*** Opening of Records supplied ***

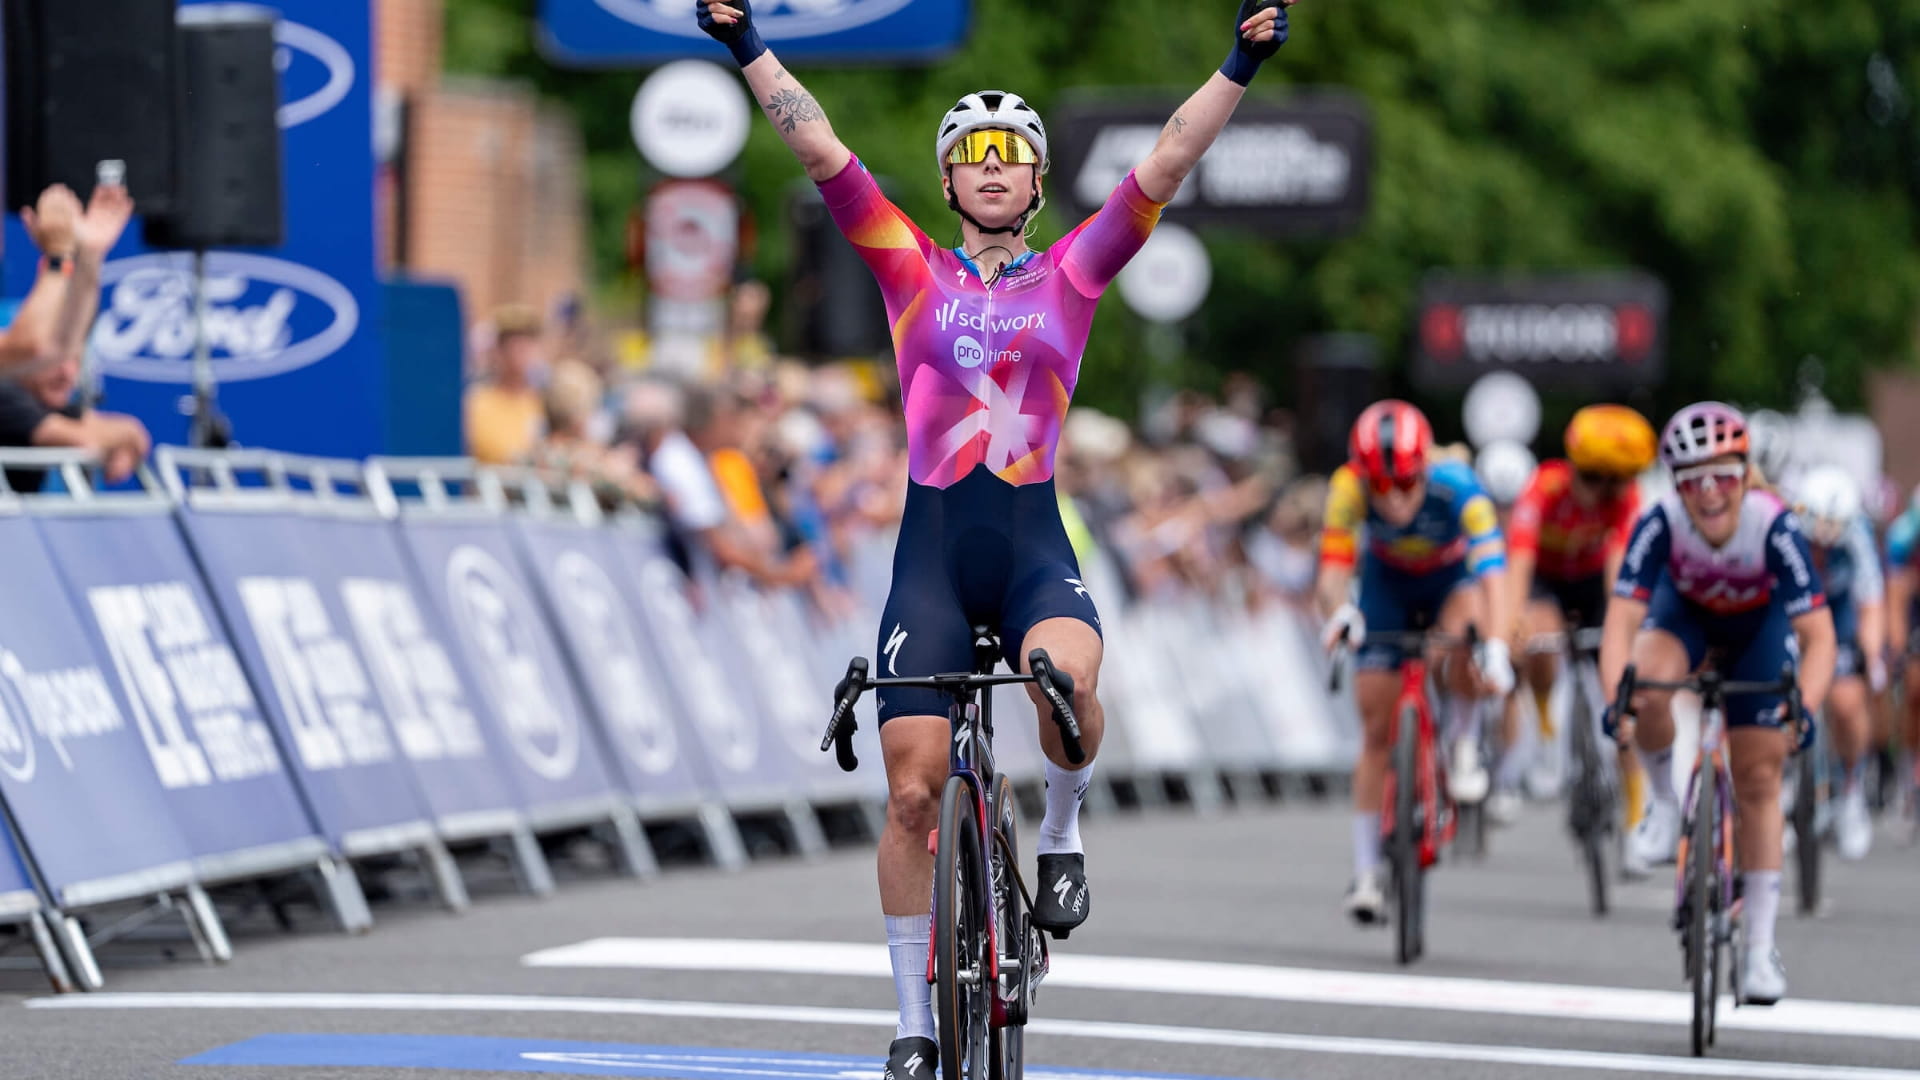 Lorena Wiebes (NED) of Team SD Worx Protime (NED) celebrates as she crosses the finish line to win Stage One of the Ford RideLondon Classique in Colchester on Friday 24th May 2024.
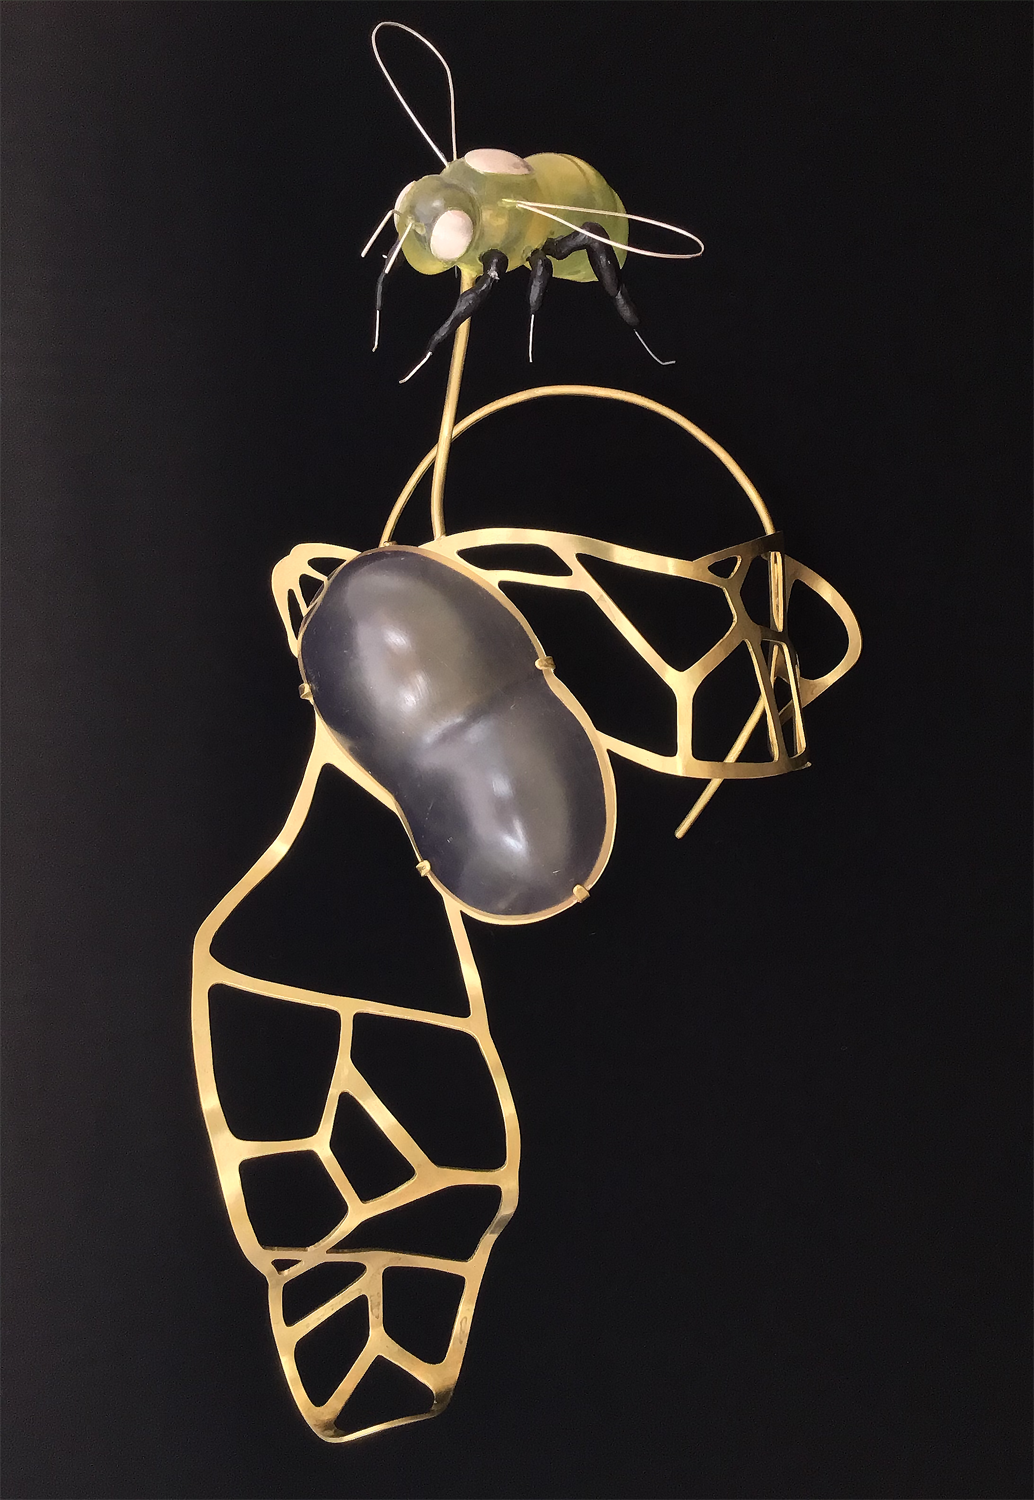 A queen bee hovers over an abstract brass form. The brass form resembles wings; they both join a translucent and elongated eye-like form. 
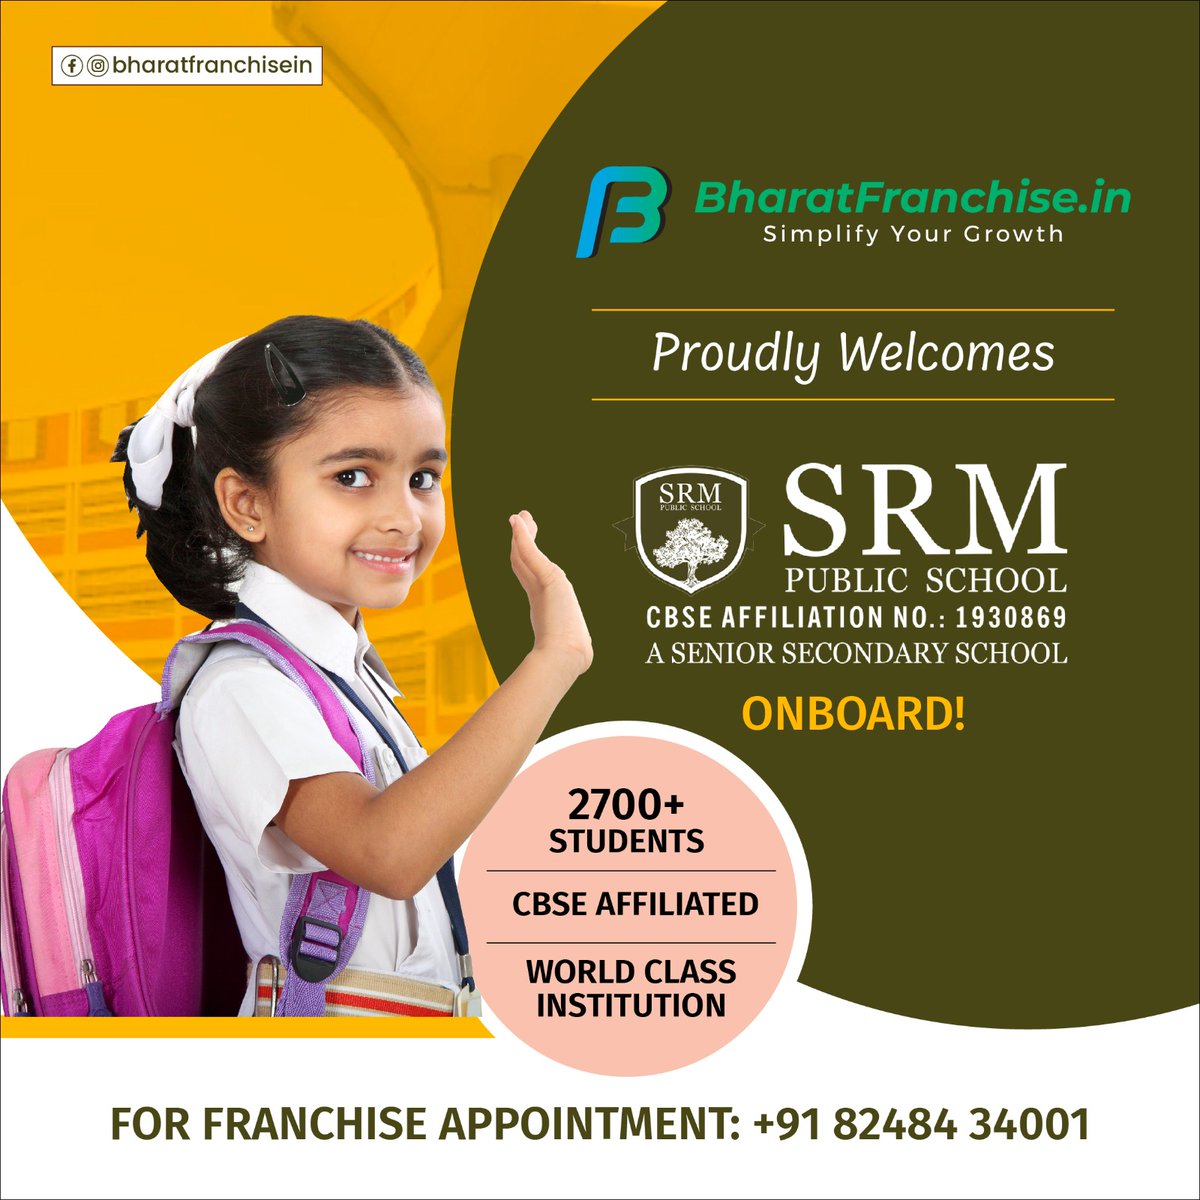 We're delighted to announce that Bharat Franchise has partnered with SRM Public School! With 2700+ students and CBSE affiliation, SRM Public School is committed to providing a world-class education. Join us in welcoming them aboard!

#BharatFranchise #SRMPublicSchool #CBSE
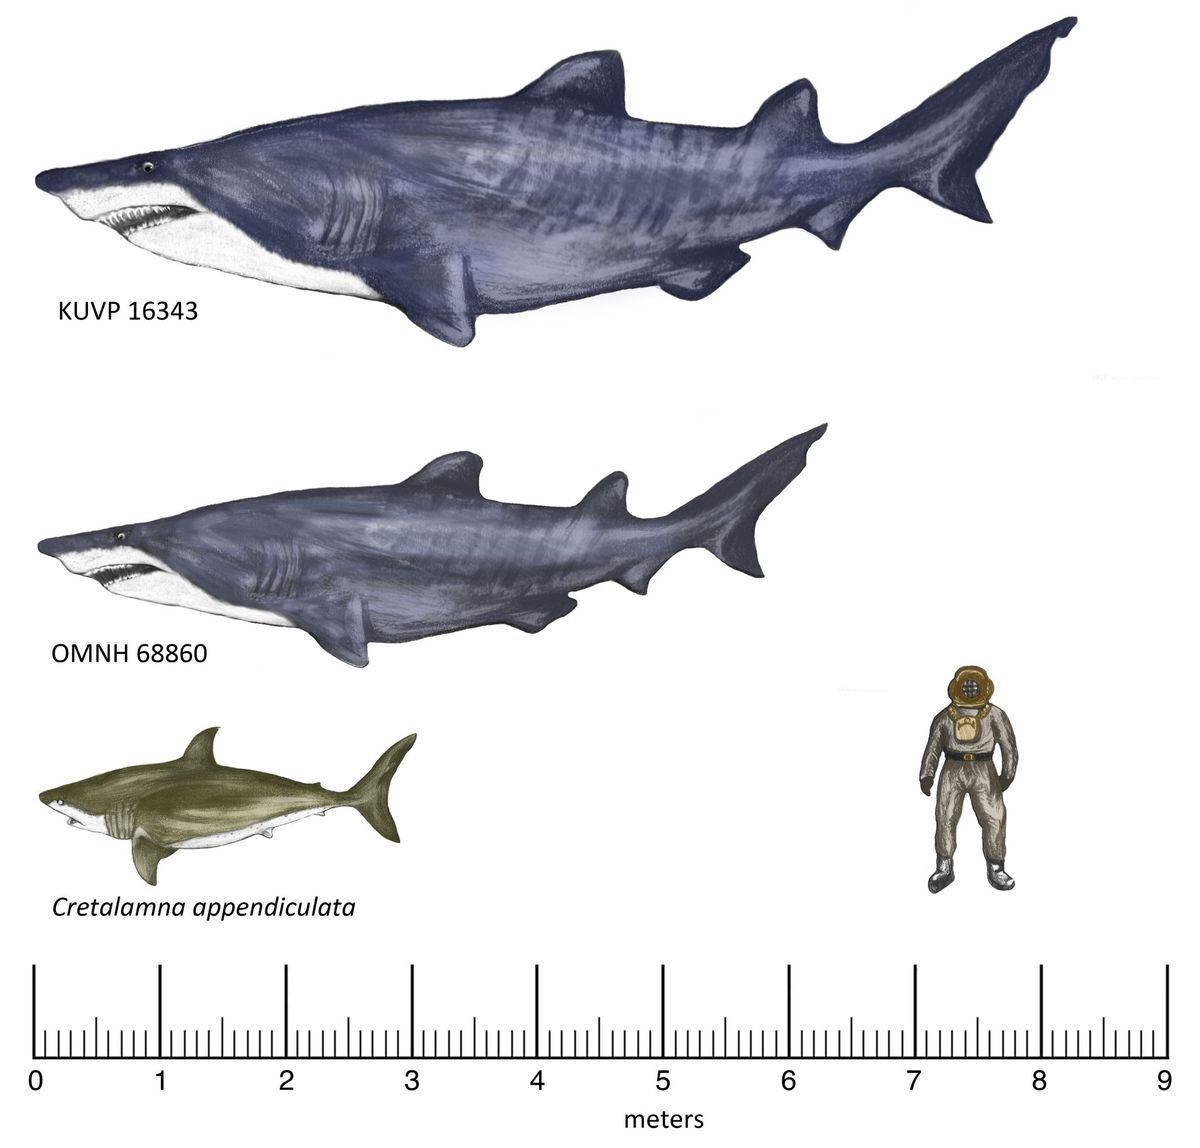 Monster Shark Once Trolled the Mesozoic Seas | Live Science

*** Close of Records supplied ***

§ **Exercise goal**
Your reply should hold exactly the lines from the line containing "A queen bee" through the final line of the listing, and none of the pictures.

§ **Output below**
 A queen bee hovers over an abstract brass form. The brass form resembles wings; they both join a translucent and elongated eye-like form. 
 We're delighted to announce that Bharat Franchise has partnered with SRM Public School! With 2700+ students and CBSE affiliation, SRM Public School is committed to providing a world-class education. Join us in welcoming them aboard!

#BharatFranchise #SRMPublicSchool #CBSE
 Monster Shark Once Trolled the Mesozoic Seas | Live Science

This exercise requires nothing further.